Immanuel: The Gospel according to Isaiah
Isaiah is often seen as one of the most theologically rich books of the Old Testament. Living in a time of rampant idolatry and apostasy, Isaiah prophesied against Israel to the north and Judah to the south, foretelling the exile and return to the land of promise. Judgment and restoration of Israel, Judah, the nations, and the earth is a huge theme, as well as the destruction and humiliation of the false gods and idols. The judgment is something that is justly deserved because of the sins of humanity, but the restoration is only possible through a remarkable figure prophesied in Isaiah; Immanuel. Isaiah gives the fullest revelation about the Messiah in the Old Testament, and in fact it is possible to preach the whole Gospel from Isaiah.
While Immanuel is clearly Jesus, it can be useful to look at what we know about Immanuel from Isaiah alone, before reading the text through the lens of New Testament revelation.

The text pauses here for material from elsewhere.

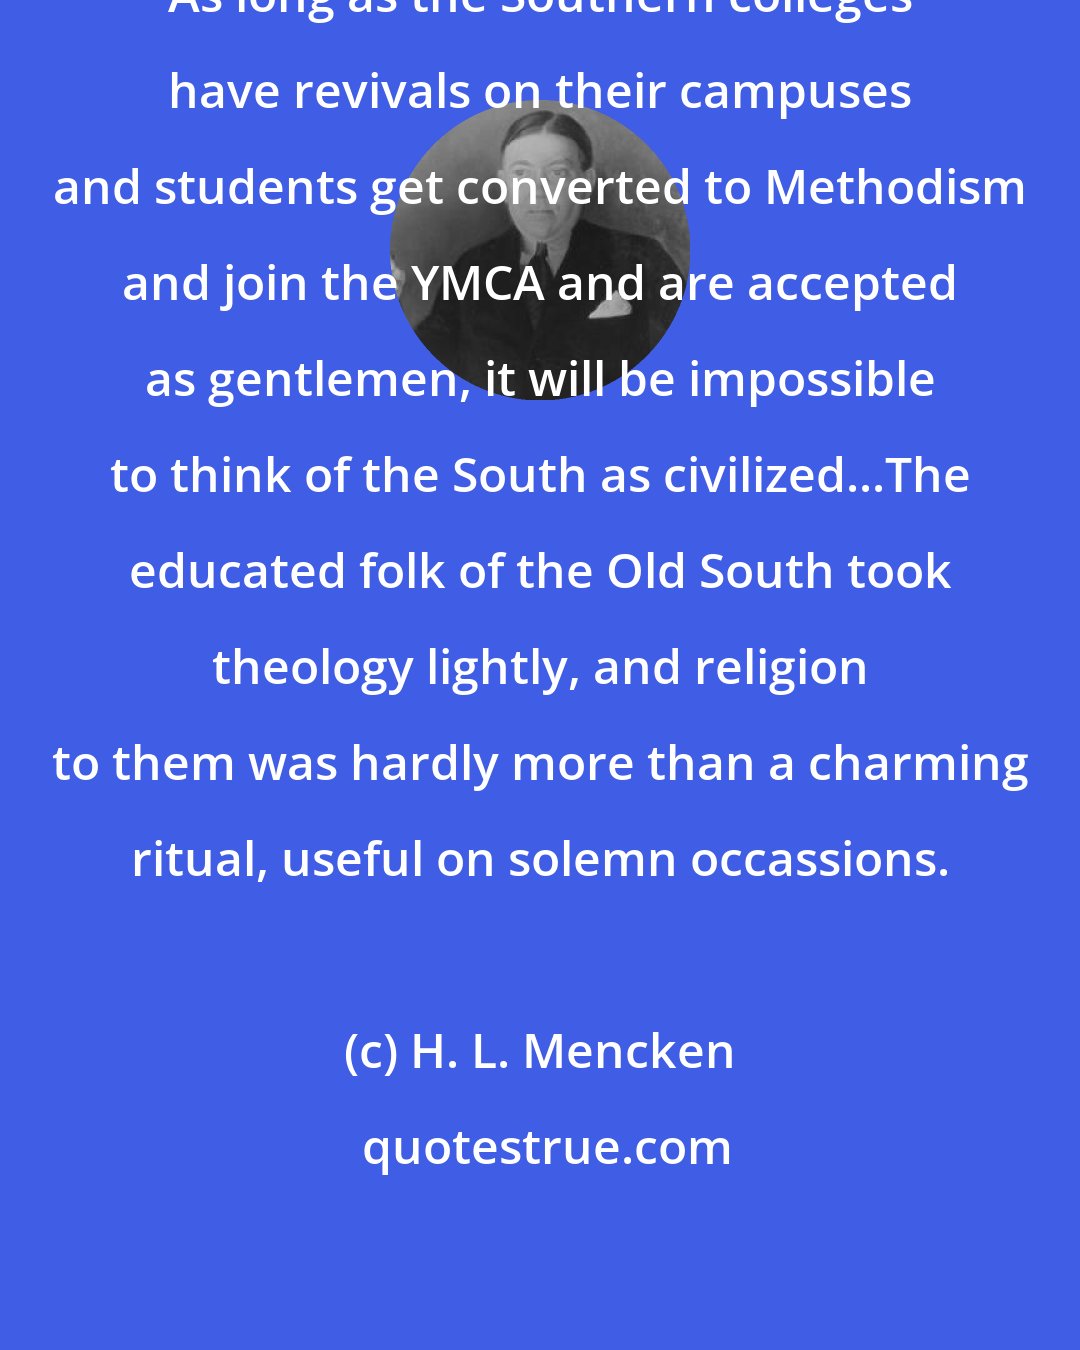 H. L. Mencken: As long as the Southern colleges have revivals on their campuses and students get converted to Methodism and join the YMCA and are accepted as gentlemen, it will be impossible to think of the South as civilized...The educated folk of the Old South took theology lightly, and religion to them was hardly more than a charming ritual, useful on solemn occassions.

The kingly lineage and extraordinary birth of Immanuel
Immanuel would be born in the house of David (Isaiah 9:6–7); His birth is said to be a sign to the house of David (Isaiah 7:14). But He would be born at a time when the kingly line had gone from the preeminence of David to their prior insignificance during the time of David’s father, Jesse (Isaiah 11:1). This is exactly what happened. When Jesus was born, Mary and Joseph took two doves as the purification offering (Luke 2:22–24). This was the allowed offering for people living in poverty, indicating that the house of David was no longer prominent or wealthy.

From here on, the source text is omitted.